Yet we are eternal optimists, grasping at any straws that could herald an early spring.    Is March 27th an early enough Easter to be significant?    Did  Shubenacadie Sam get everyone’s hopes stirred up?    Who really knows about that either, eh?

No matter what the weatherman dishes up for us, this is a very special weekend in this house.    Eight years ago tomorrow, ARC emailed to ask if I would be interested in a dog that had just come into the Colchester pound.     She was everything that I had asked them to find for me.   Lab sized.   Female.   Adult.

They were also quick to point out that she was severely emaciated and that it would take time for her to become healthy enough to be adopted.   After a lengthy phone chat, pictures were promised .. if possible .. the following day.

The short version is .. as most of you well know … that she could have been as ugly as a toad and I would have loved her dearly.   Even as my heart was breaking for how desperately thin she was, it was clear from those clever eyes that she was going to be a smarty pants.
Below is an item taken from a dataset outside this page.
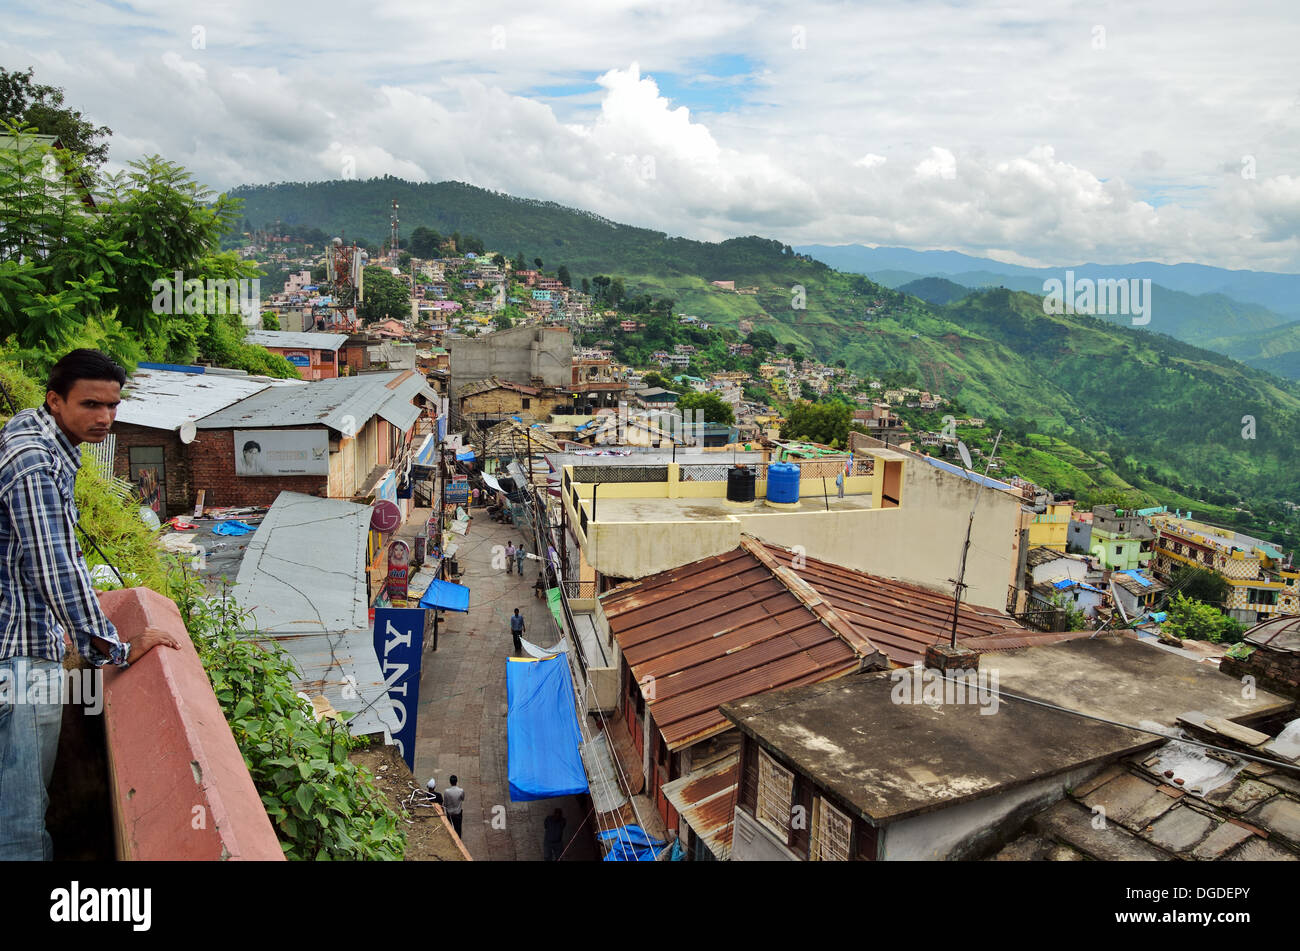 Indian mountain village of Almora, India Stock Photo

It was a month and more before she was well enough to come here.   How did ARC manage to do that?   Did they not have other dogs waiting in the wings to save?   Of course they did!   But as a reputable rescue, once they commit to an animal in need, they do not hurry them out the door without being properly assessed and treated.

In other words, the reason they were able to take Miss Ruby .. and every other hard case they have had before and since … is that there was a foster available.   In Miss Ruby’s case, she was their first foster actually.  Did they do a good job?   You bet!   I will be forever grateful to them for providing a safe space for Miss Ruby to heal.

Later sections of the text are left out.